#### INPUT DATA

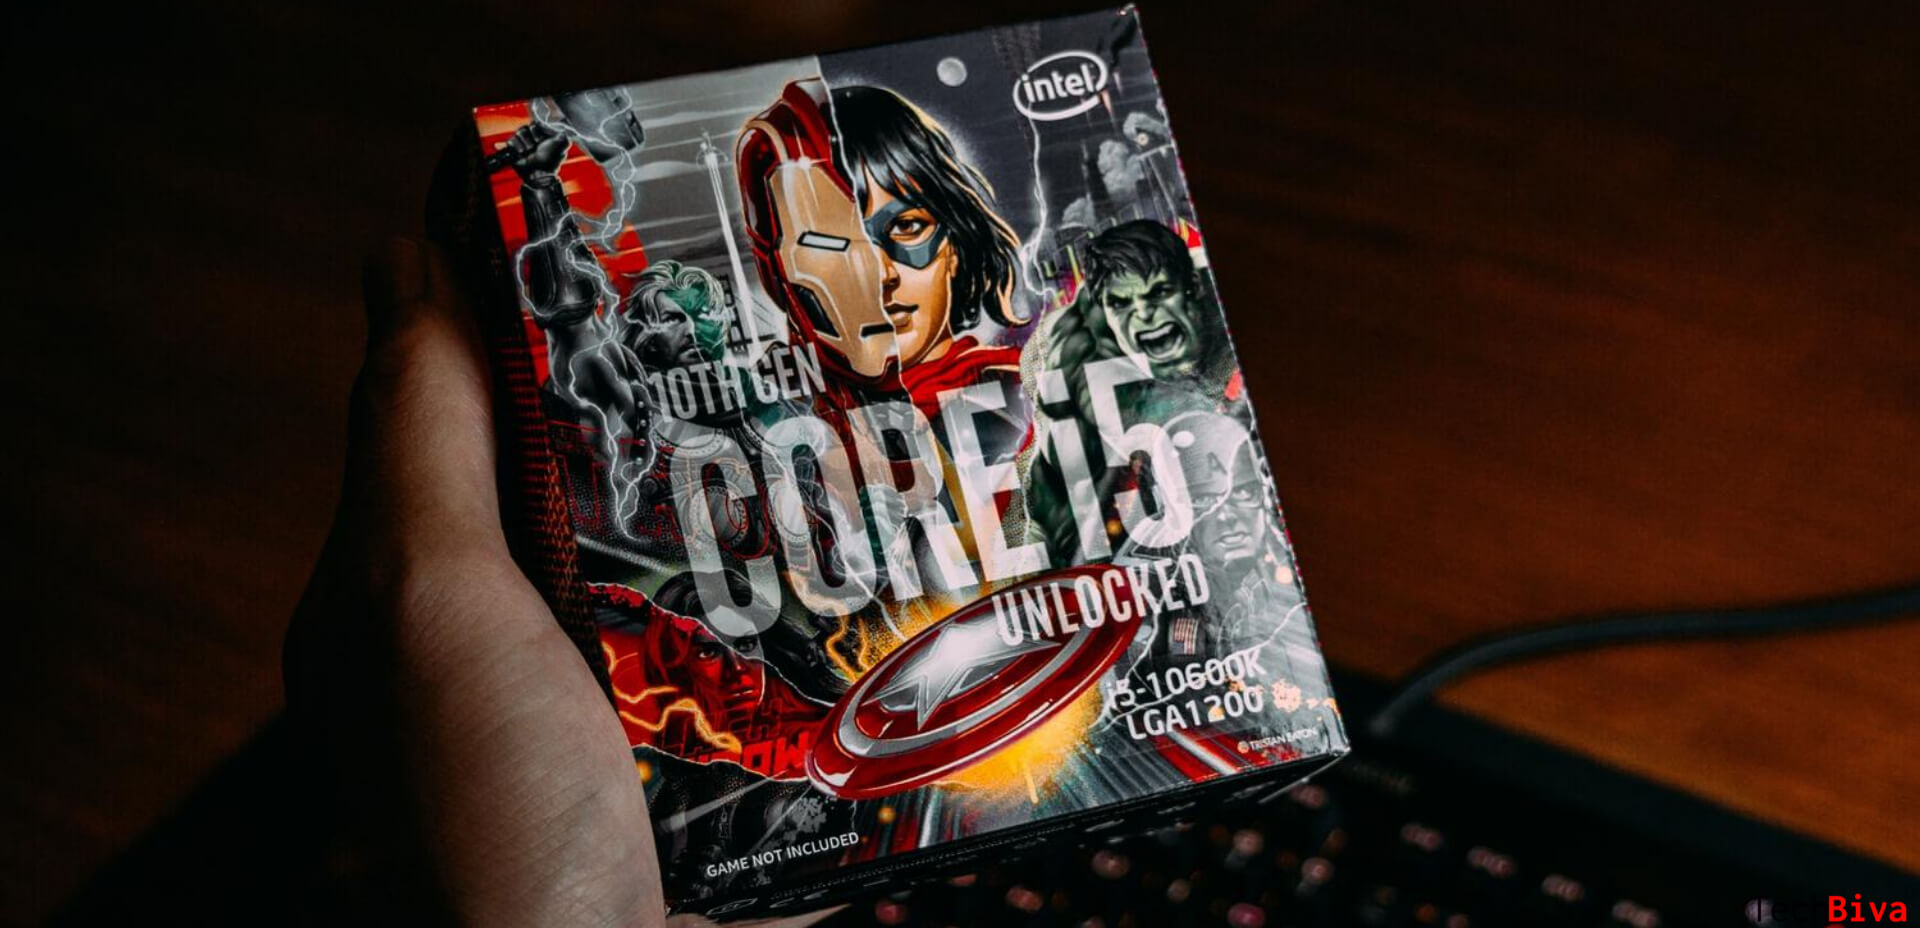 Intel Pentium VS i5
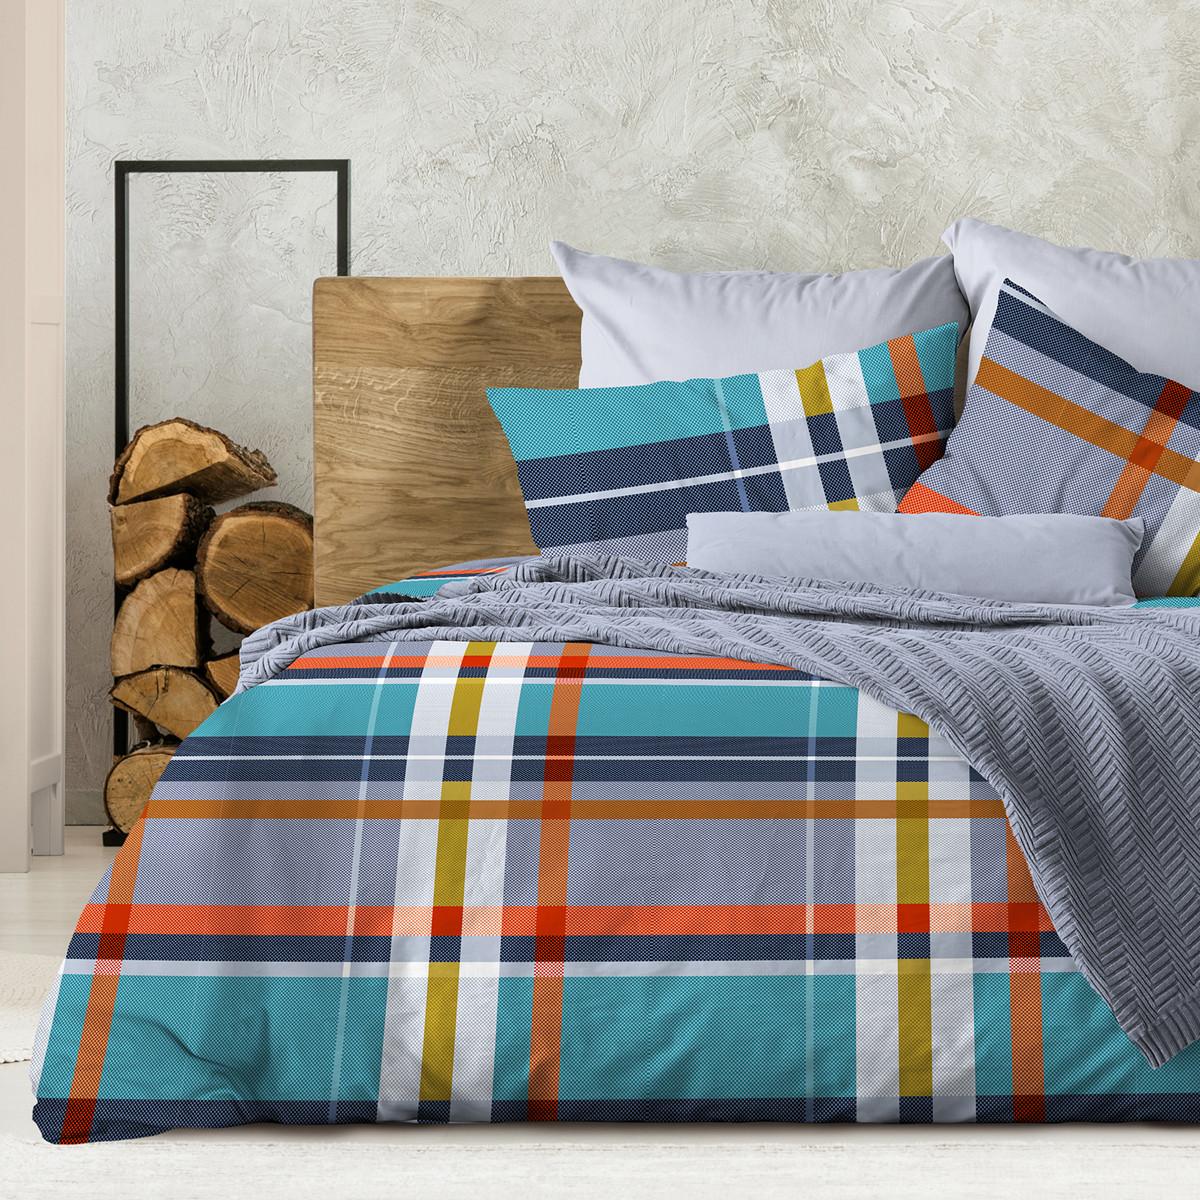 Wenge Комплект постельного белья Rocket, WENGE  1.5 спальный
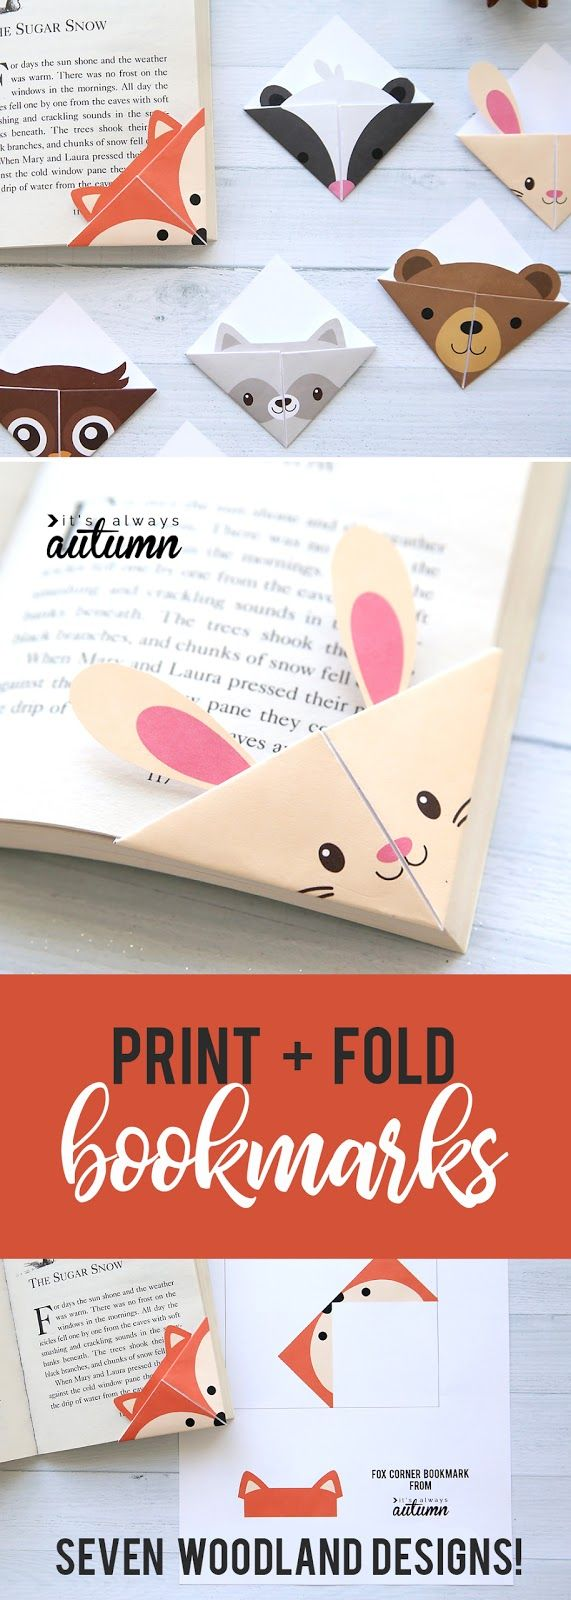 Reciclaje creativo de varios materiales en especial papel, Algunas recetas originales que te van a encantar . ¡ te espero !
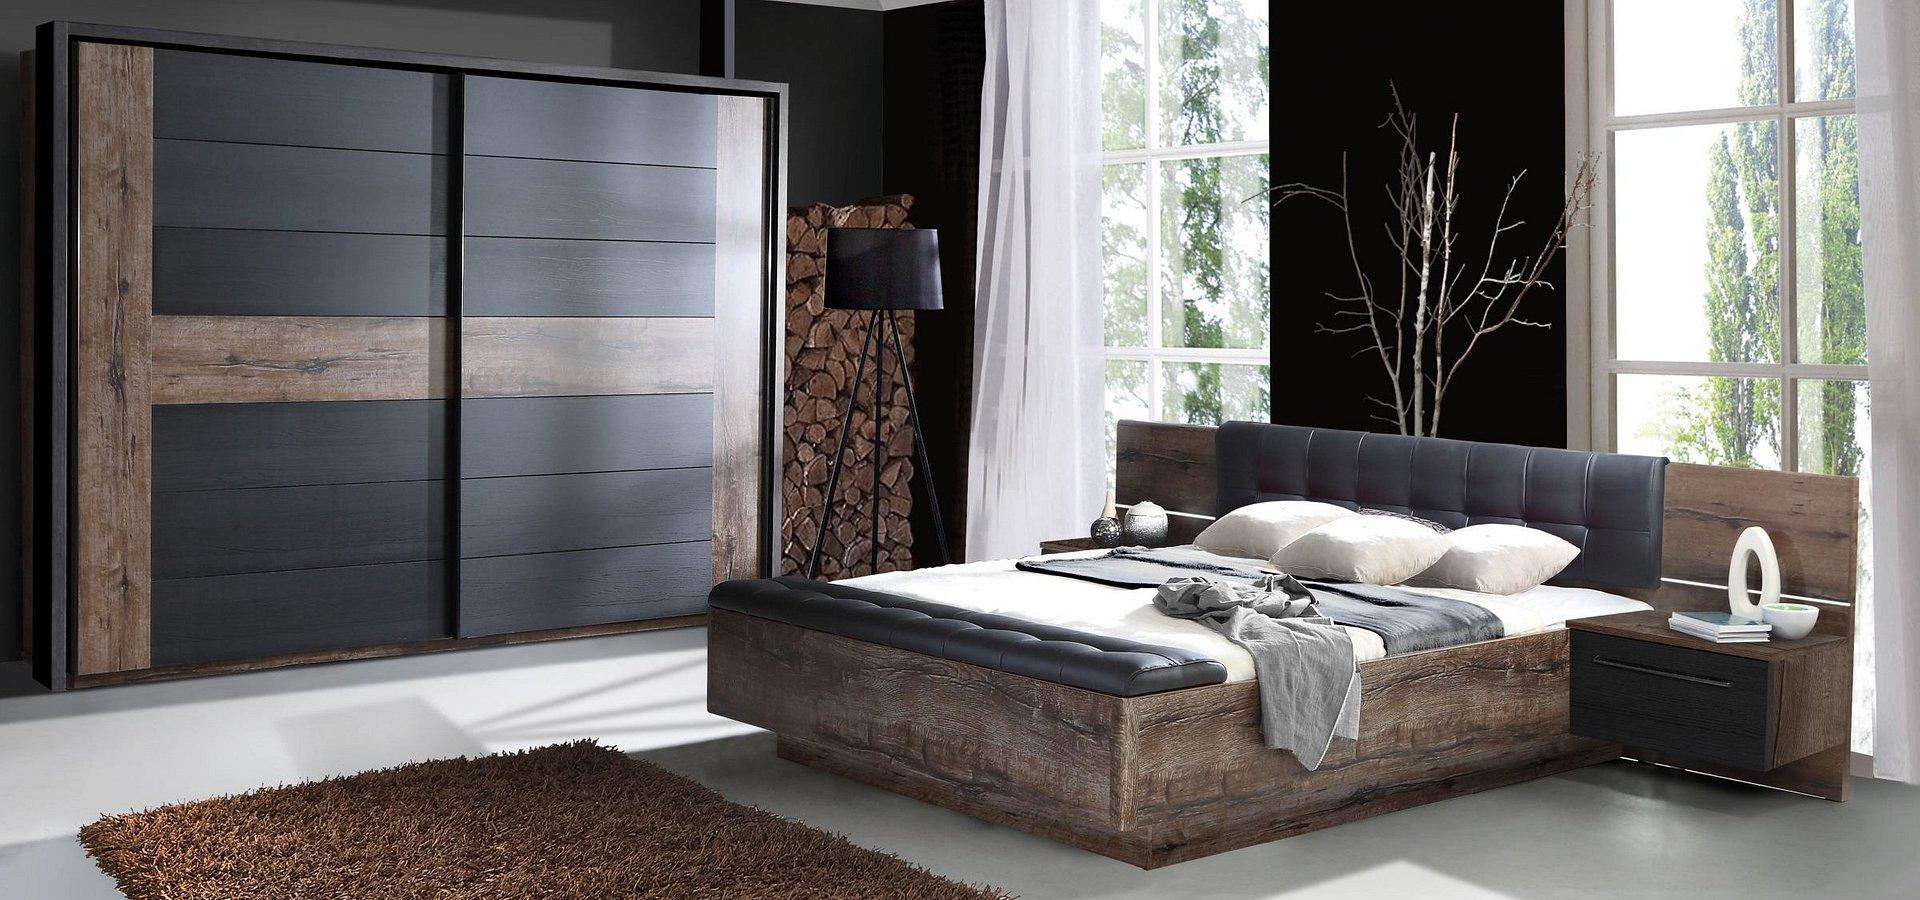 Wielofunkcyjne szafy i regały. Jak wybrać idealne meble dla całej rodziny?

########

# [PROBLEM DETAILS]
Your answer must be exactly the lines from the one with "Wenge Комплект постельного" through the final line of the data, with no pictures in it.

# [WRITTEN SOLUTION]
 Wenge Комплект постельного белья Rocket, WENGE  1.5 спальный
 Reciclaje creativo de varios materiales en especial papel, Algunas recetas originales que te van a encantar . ¡ te espero !
 Wielofunkcyjne szafy i regały. Jak wybrać idealne meble dla całej rodziny?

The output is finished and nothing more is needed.